Number of tips / number of dendrites 3.2 4.7 1.44 3.18 2.2
Log10(no. tips / no. dendrites) 0.47 0.61 0.17 0.22 1.3
Mean dendrite length 138 229 80.9 212.1 2.6
Log10(mean dendrite length) 2.1 2.2 0.24 0.33 1.4
Total Area Under the Curve 493 630 185 328 1.8
Area Under the Curve, Distal 83 194 84 195 2.3
Area Under the Curve, Proximal 410 435 121 153 1.3

3.2 Simple linear models versus mixed effects ANOVA

We next compare side by side, the outcome when using a linear model t test versus a mixed effects ANOVA model to analyze dendritic morphology. Analytical results are shown in Table 3 to illustrate the deflation of the standard error and p-values that occurs when the intra-animal correlation is not accounted for by the statistical model such as is the case when using the t test.

Table 3.

Mean difference (Female – Male), standard errors, and p-values from t test and mixed effects ANOVA.

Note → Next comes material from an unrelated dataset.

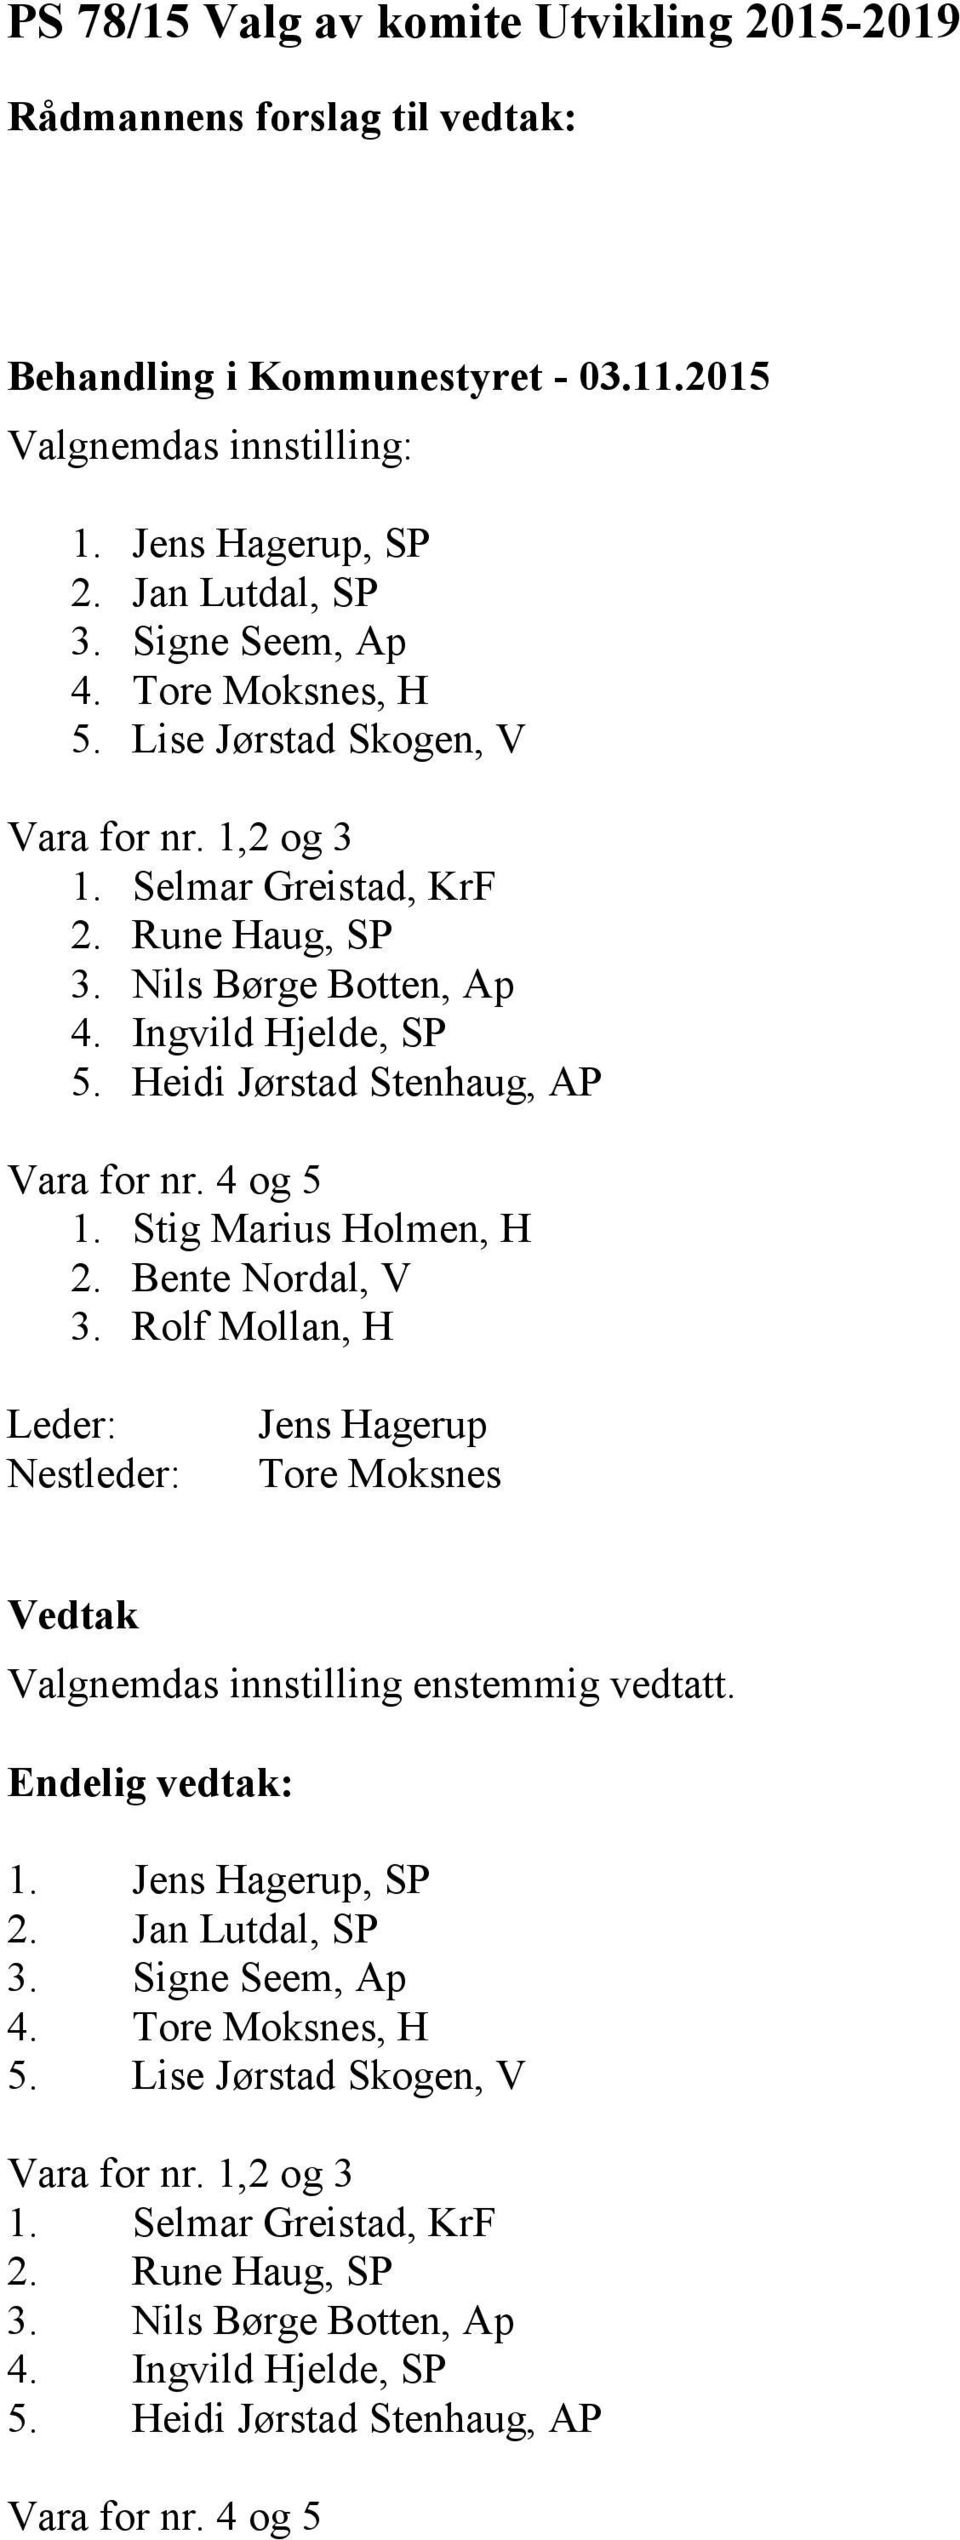 4 og 5 1. Stig Marius Holmen, H 2. Bente Nordal, V 3. Rolf Mollan, H Leder: Nestleder: Jens Hagerup Tore Moksnes 1. Jens Hagerup, SP 2. Jan Lutdal, SP 3. Signe Seem, Ap 4.

Outcome variable Mean difference (F – M) T test Mixed effects ANOVA
Std. error p-value Std. error p-value
Log10(#tips divided by #dendrites) −0.14 0.05 <.001 0.07 0.04
Sum Intersections −13.9 6.56 0.04 10.1 0.15
Log10(mean dendrite length) −0.16 0.07 0.03 0.11 0.16
Total Area Under the Curve* −136 66 0.04 104 0.21
Area Under the Curve, Distal* −112 37 0.004 57 0.09
Area Under the Curve, Proximal* −25 34 0.47 50 0.55
*

Analyzed using Satterthwaite degrees of freedom to account for unequal variance.

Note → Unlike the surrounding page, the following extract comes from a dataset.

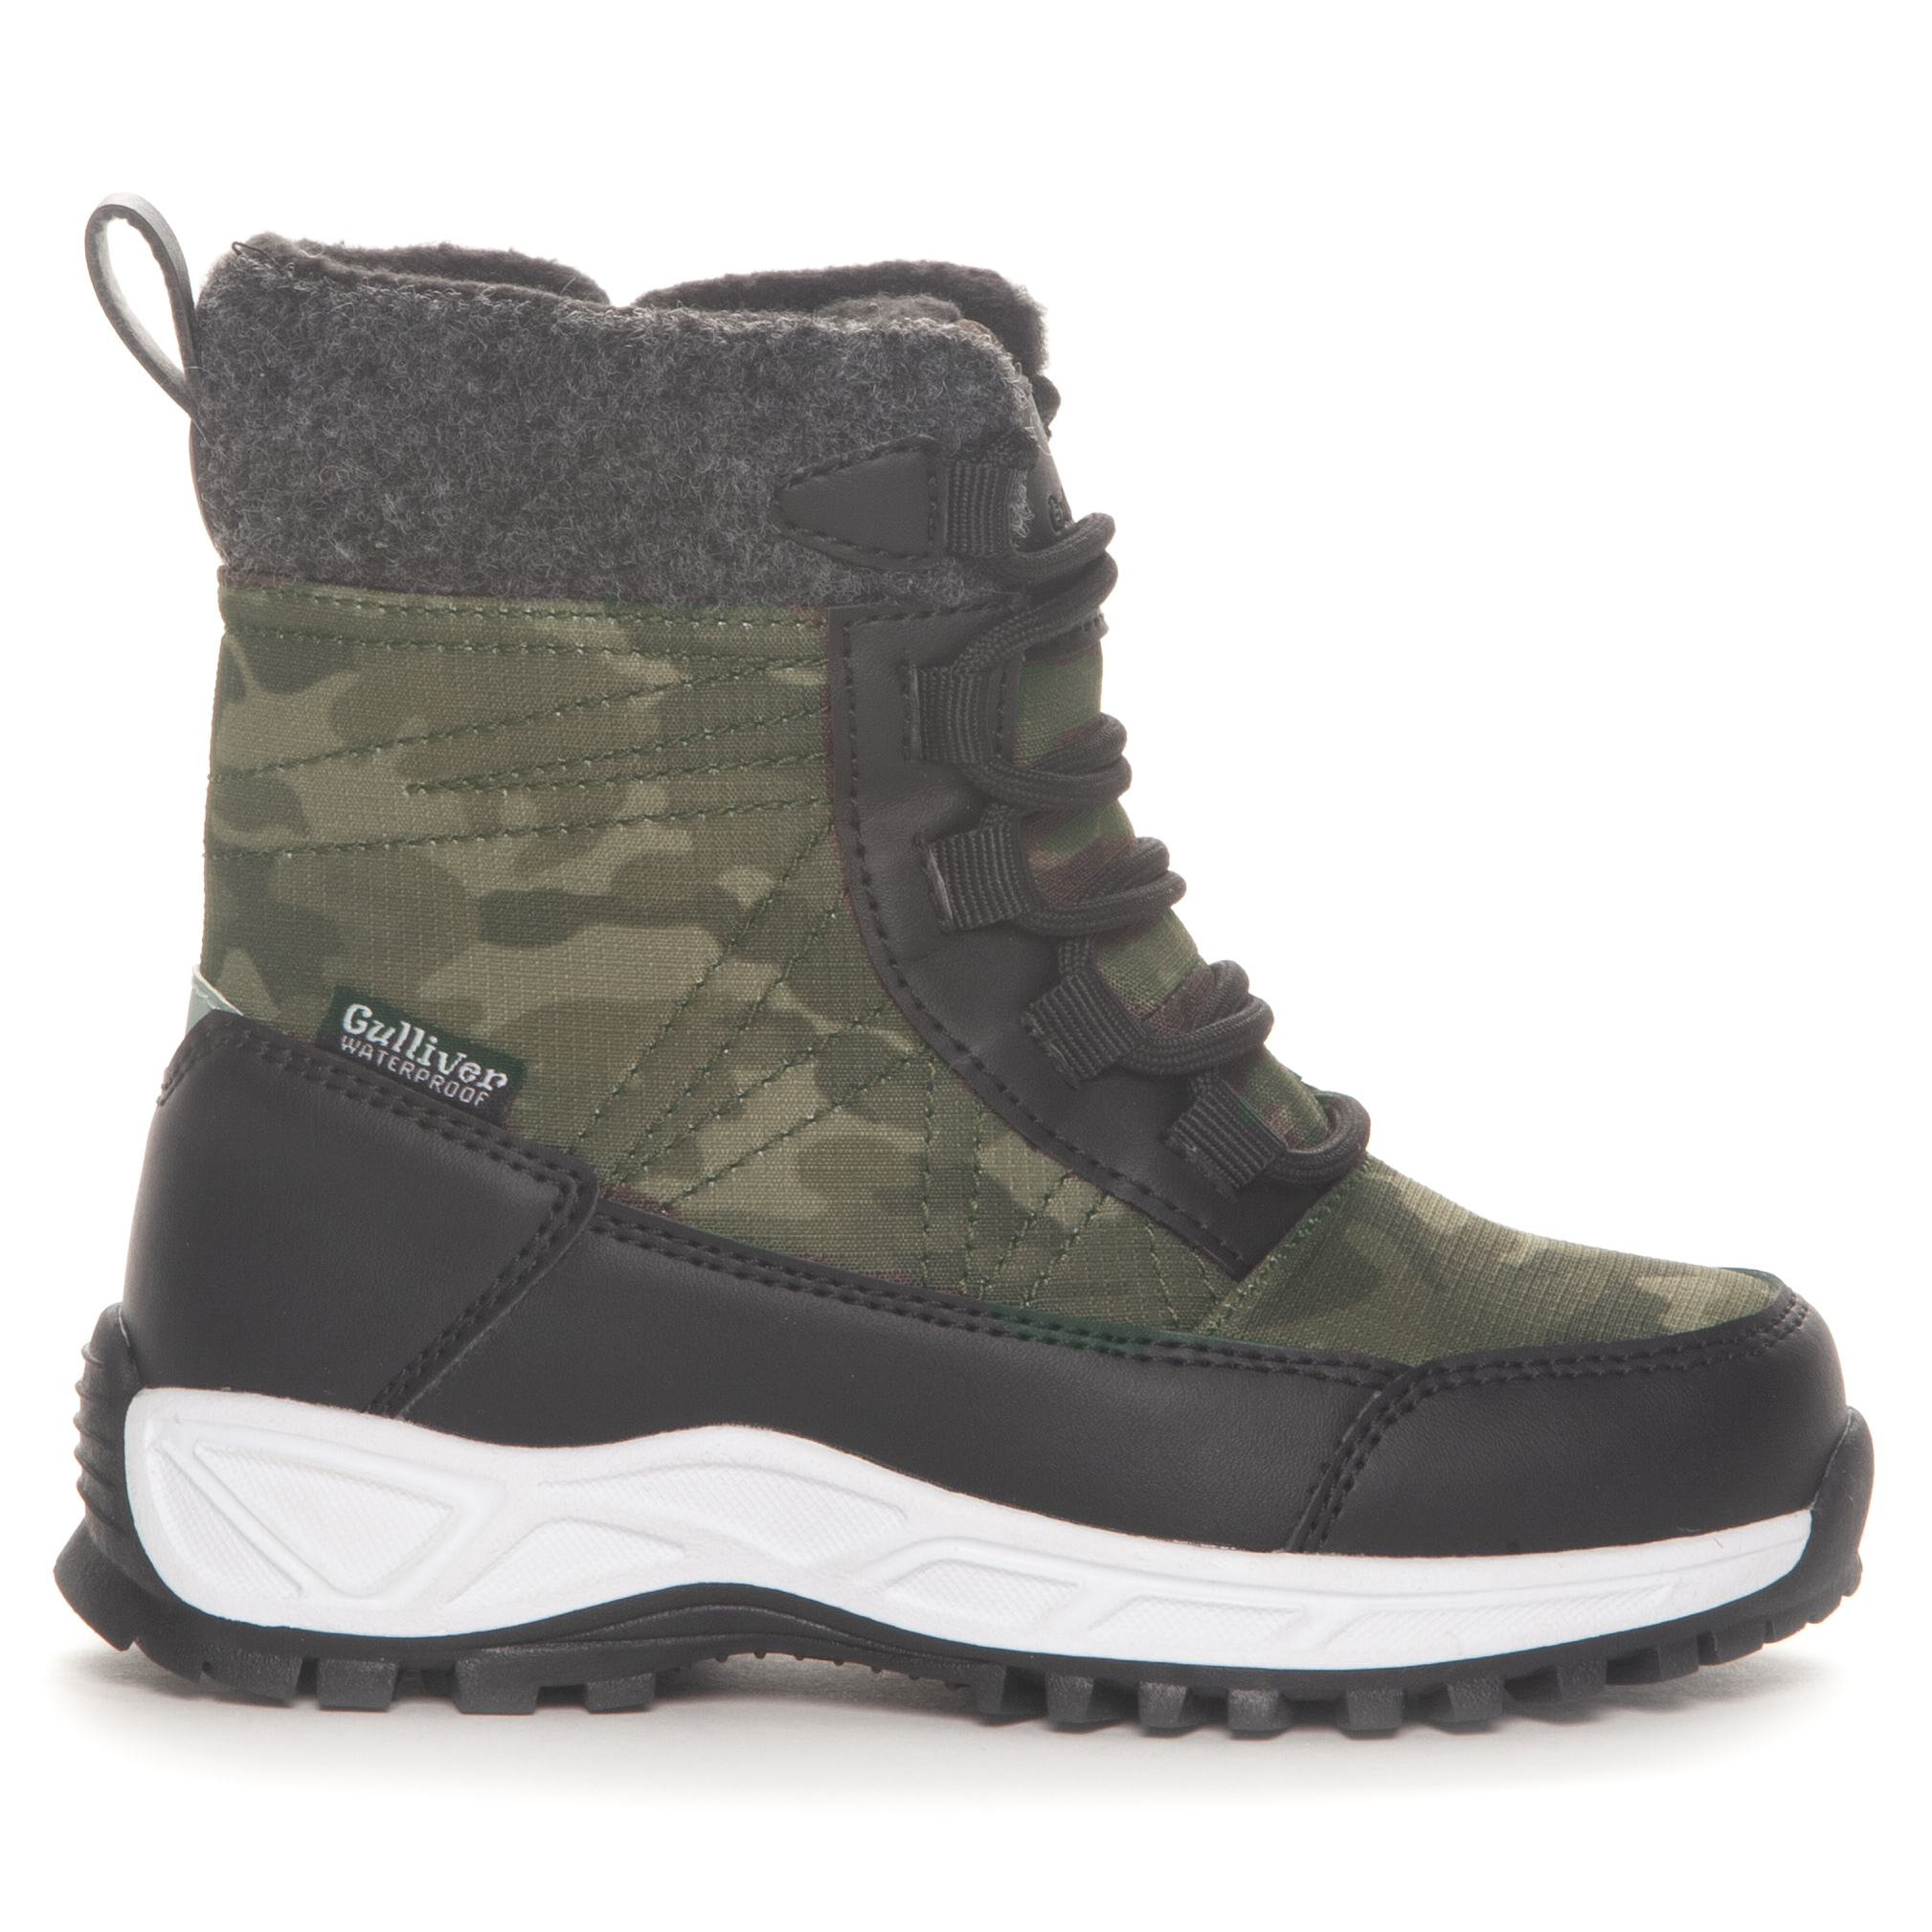 Kids’ Waterproof Winter Boots 3 Black/Green

Note that proper identification of the variance structure can affect the validity of the inference. When the heterogeneity of variance is not accounted for the p-values can change. For example, incorrectly assuming equal variance in the distal (70–150 microns from the soma) area under the curve analysis produced a p-value of p=0.042 (not shown), compared to the p=0.09 using Satterthwaite shown in Table 3. In terms of biological relevance, it is clear that the conclusions drawn from these experiments are affected by the structure of the data as well as the models used. When using t tests, nearly all variables are significantly different between the sexes; however, when accounting for the structure of the data, and the heterogeneity of variance, only one variable remains significantly different: the log-transformed number of dendritic tips divided by total dendrites, which is a measure of dendritic complexity, is significantly greater in male compared to female hippocampal neurons (Table 2, 3).

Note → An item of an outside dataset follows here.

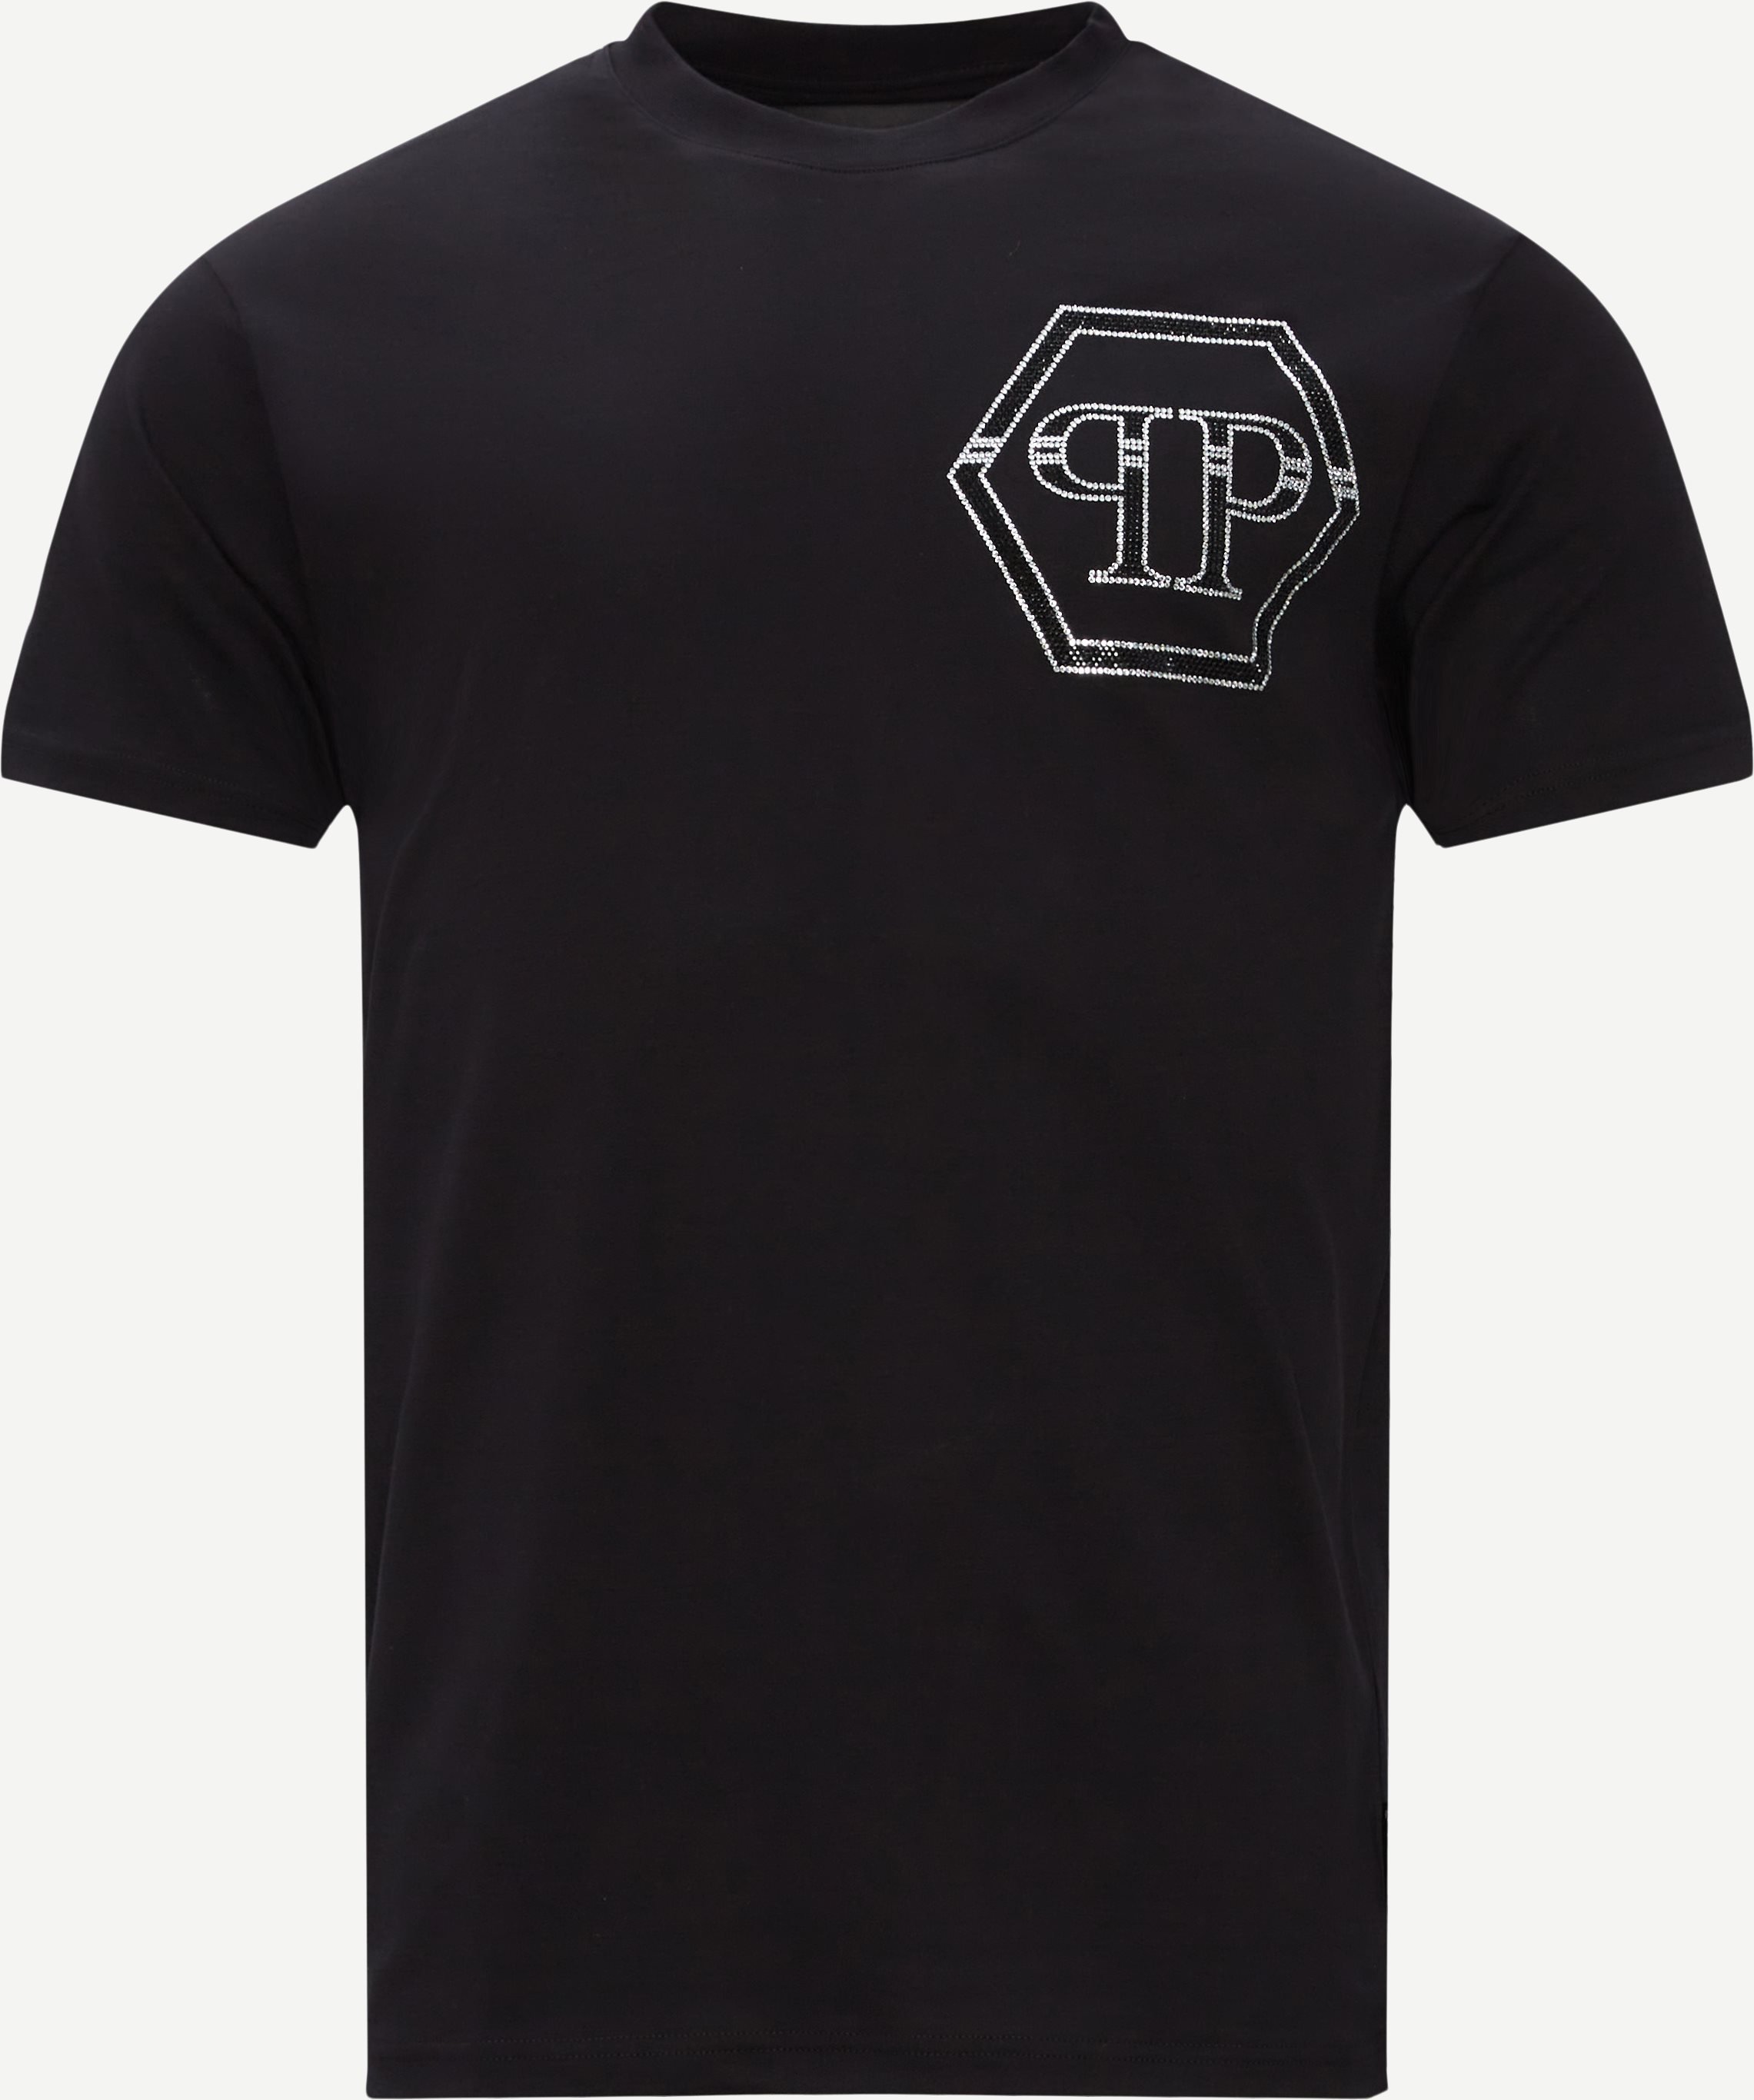 MTK5460 Hexagon Tee - T-shirts - Regular fit - Svart

The SAS® software output for log10 mean dendrite length is shown in Table 4. The data are the estimate for the difference between males and females, with males set as the reference level, the standard error of the estimate, the degrees of freedom, the t statistic, the p-value (Pr > |t|), the set alpha level, and the lower and upper confidence limits for the 1-alpha=0.95 confidence limits. Because this is a log transformed model, we must back transform to interpret the parameter in the original units. We have 10(−0.16) = 0.69. This means that we expect the median of mean dendritic length to be a factor of 69% less for females than for males, or equivalently, 31% less, though this difference is not statistically significant. More extensive SAS output is shown in the Appendix.

Table 4.

Table of parameter estimates for the fixed effects (SEX) from the SAS output for log10 mean dendrite length from the mixed effects ANOVA model.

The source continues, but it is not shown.